Или – знать. Что знаем мы о себе? Однако мы действительно знаем нечто, стоящее за пределом чистого опыта. Не думаете ли вы, что нервность наша, общая сумма нервности, звучащей ныне таким знаменательным и высоким тембром, есть явление, свойственное и прежним векам? Отметим лишь эту громадную разницу, не задевая причин. Человек пятнадцатого столетия знал силу душевного напряжения, но не разветвлений его; во всяком случае, столь бесчисленных, столь подобных дробимости нитей асбеста; там, где человек пятнадцатого столетия просто кричал: «Хочу!», нынешнее это «хочу» облечено в тончайшие ткани изменчиво противоречивых душевных веяний и напевов, где самая основа его есть уже не желание, а – мировоззрение.
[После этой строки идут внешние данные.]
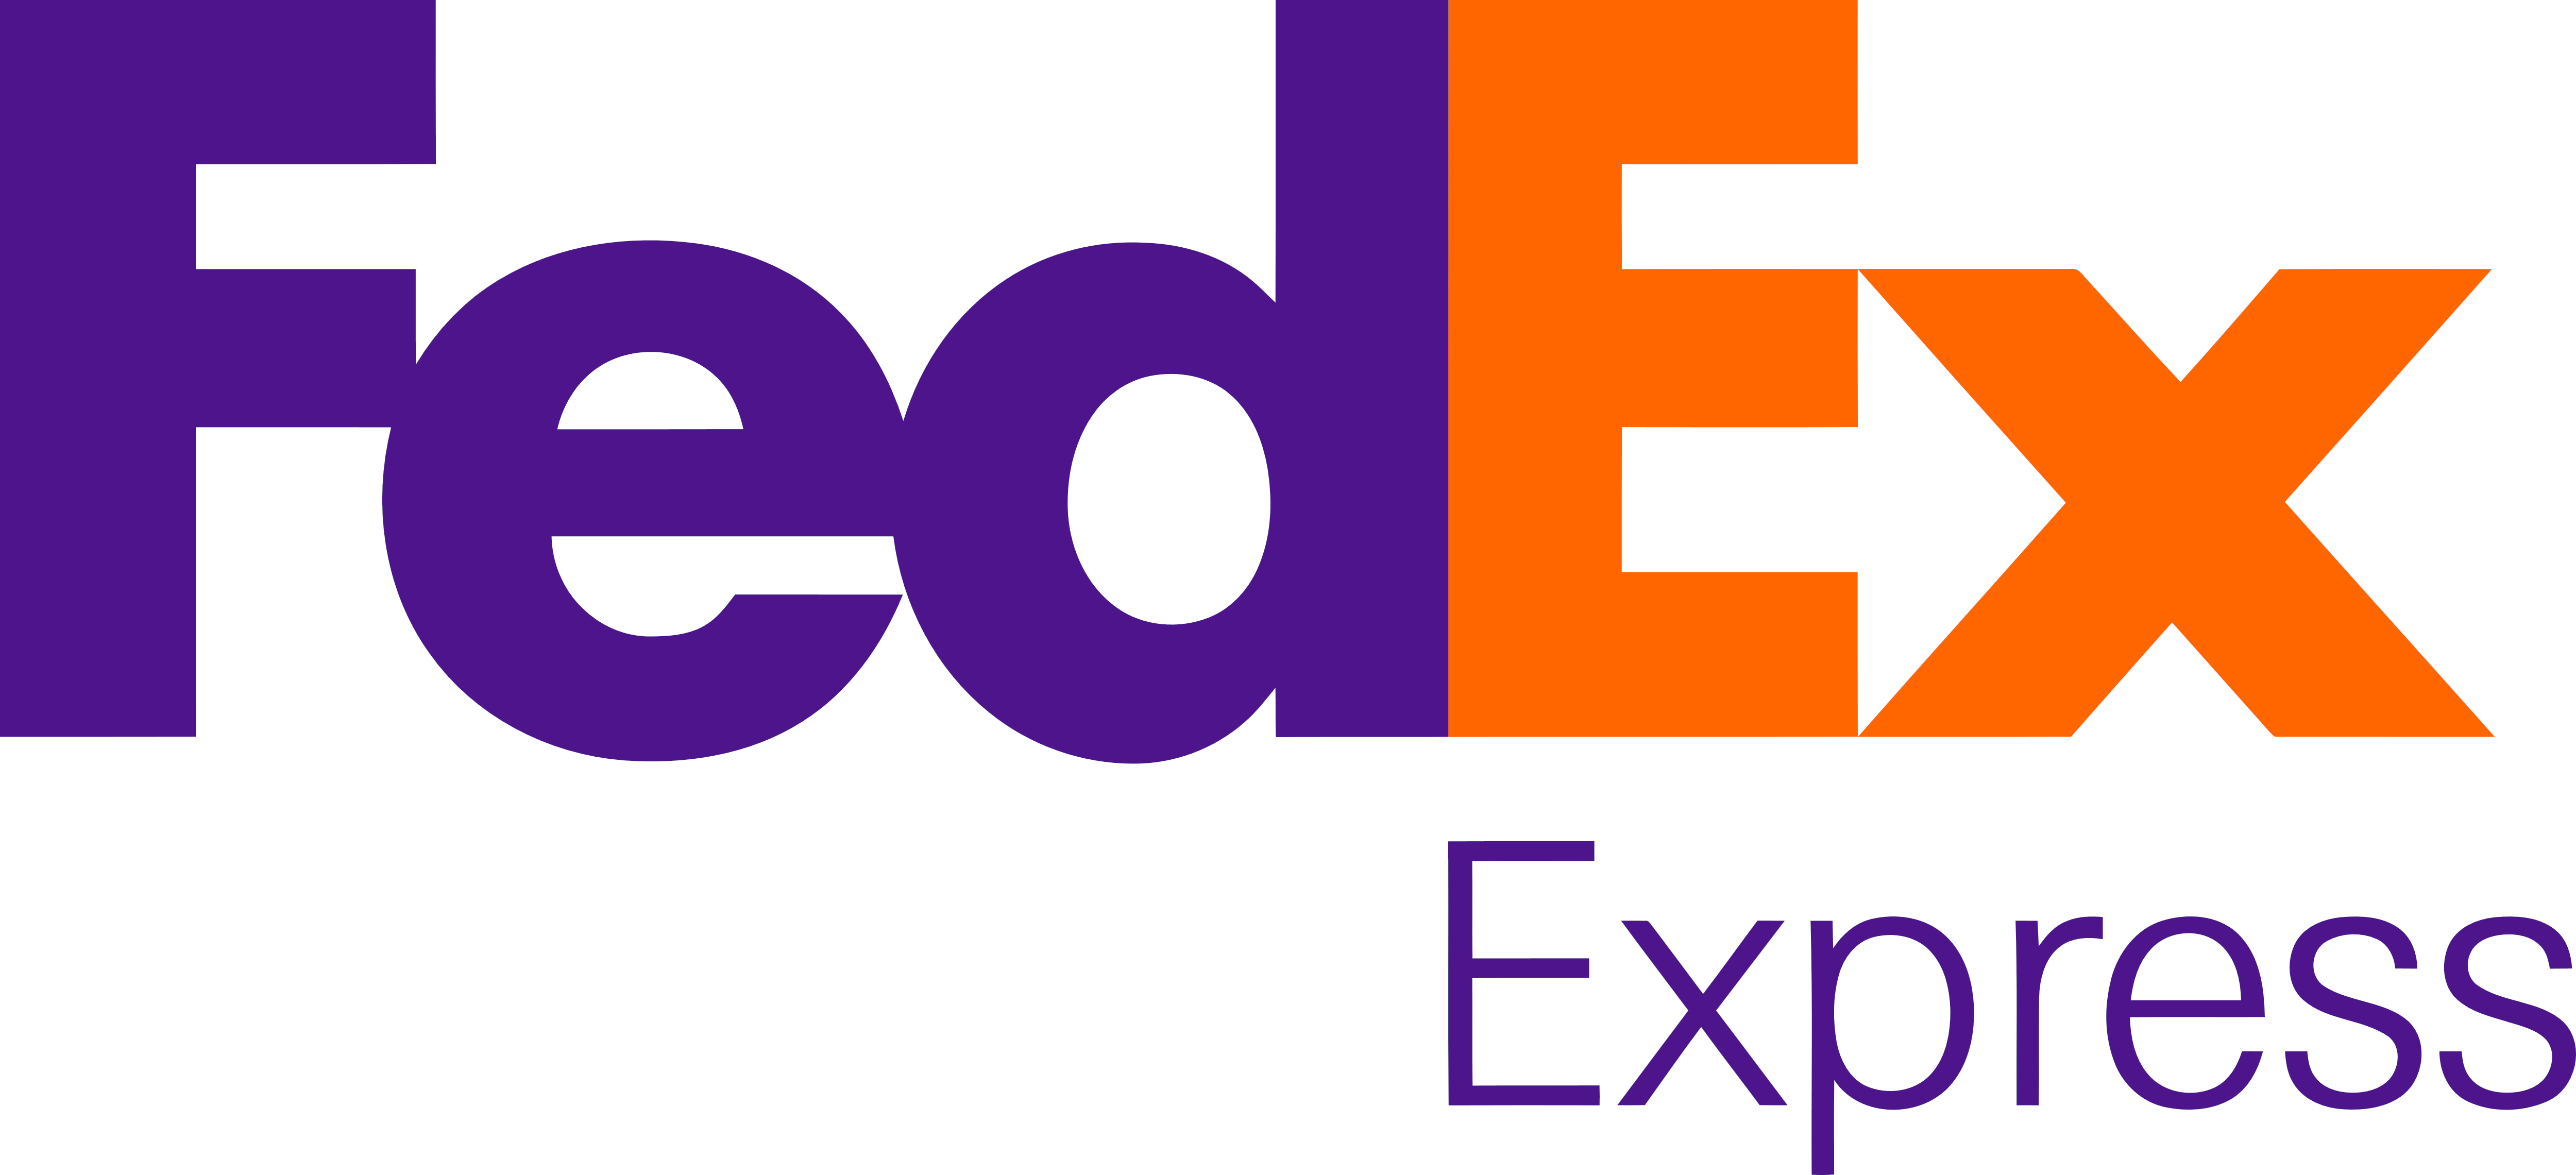 Logo Fedex Free Download Image PNG Image
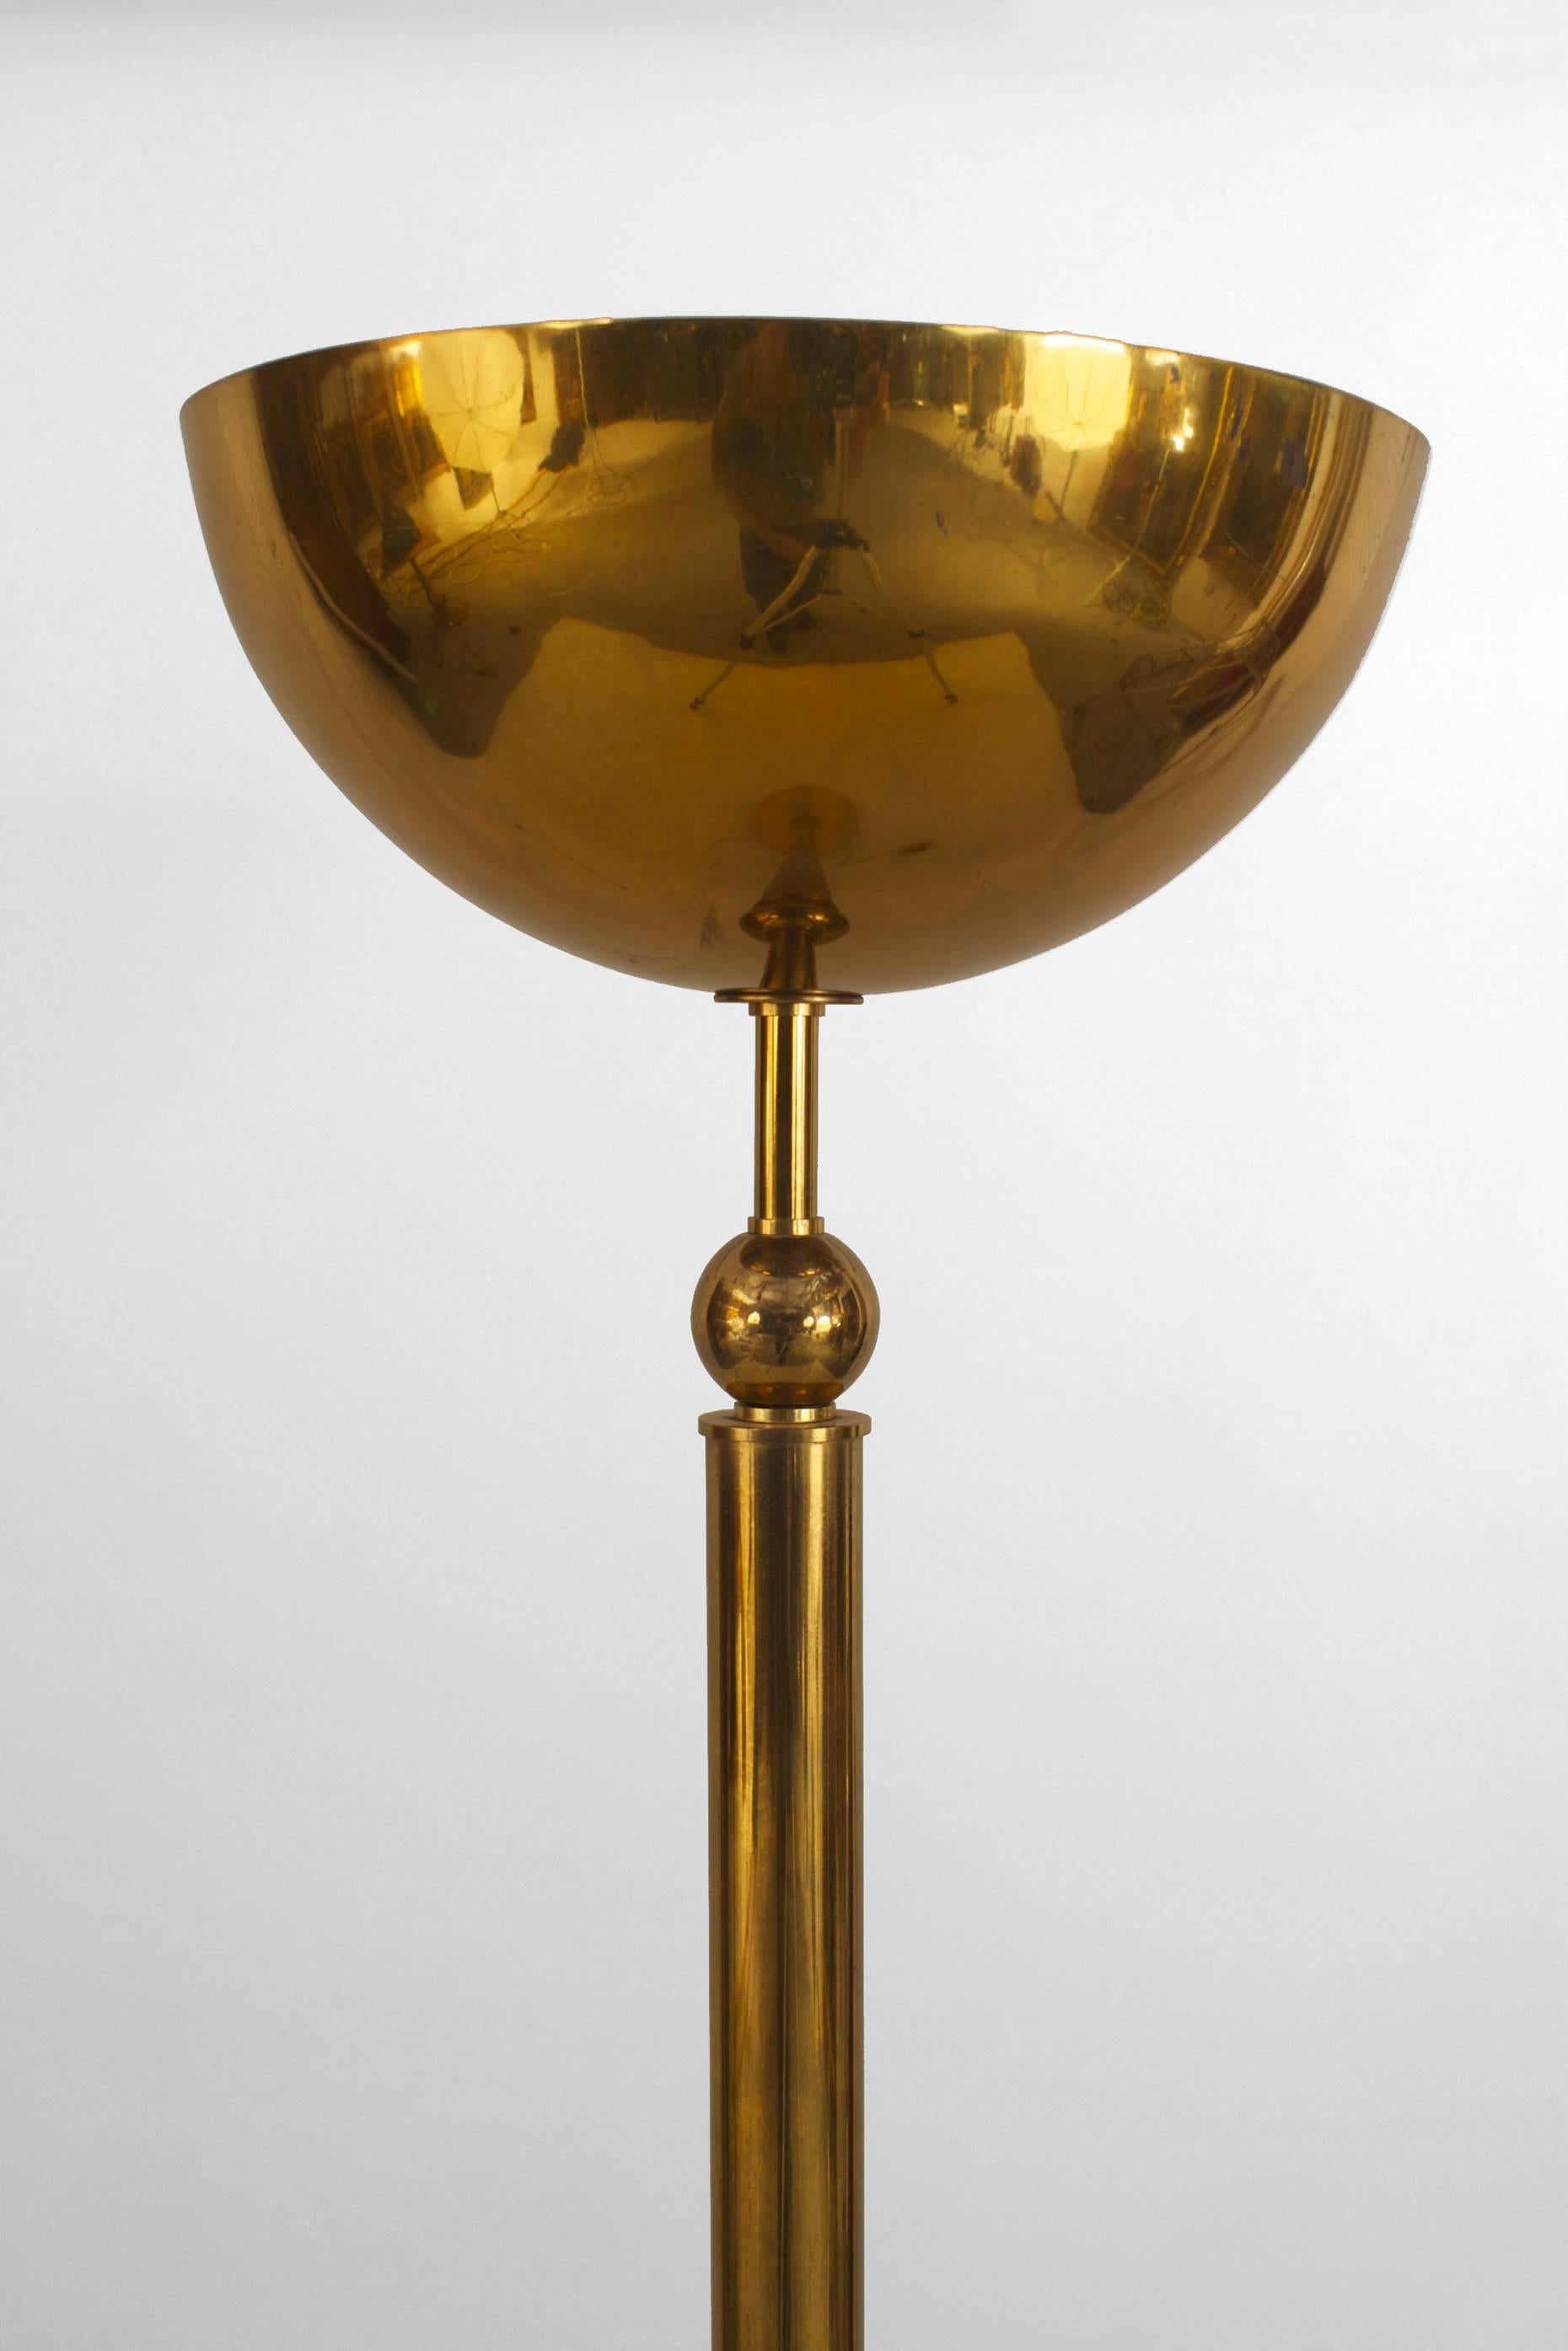 Französische Stehlampe aus Messing aus den 1940er Jahren mit einem zylindrischen Schaft, der eine große Kuppel trägt und auf einem runden Sockel ruht.

Теперь возьмем ближе. Мы вздрагиваем от фальшивой ноты, морщимся от неточного или неверного жеста; заразиться или заразить других своим настроением так обычно, что распространено во всех классах и условиях жизни; слова «я знал, что вы это скажете», «это самое я подумал», понимание с полуслова или даже при одном взгляде; оборачивание на взгляд в спину; ощущение, что перед нами кто-то был там, куда мы едва вошли; смена и глубина настроений – есть лишь жалкие и обыденнейшие примеры могущества нервного восприятия нашего, принимающего размеры стихийные. Не думаете ли теперь вы, что, быть может, скоро наступит время, когда в этом сплетении, в этом сливающемся скоплении нервной силы исчезнут все условные преграды и средства общения? Что слово станет ненужным, ибо мысль будет познавать мысль молчанием, что чувства определятся в сложнейших формах; что в едином духовном, том, океане – появятся души-корабли, двигаясь и правя наверняка? В какой же сфере действуют эти силы?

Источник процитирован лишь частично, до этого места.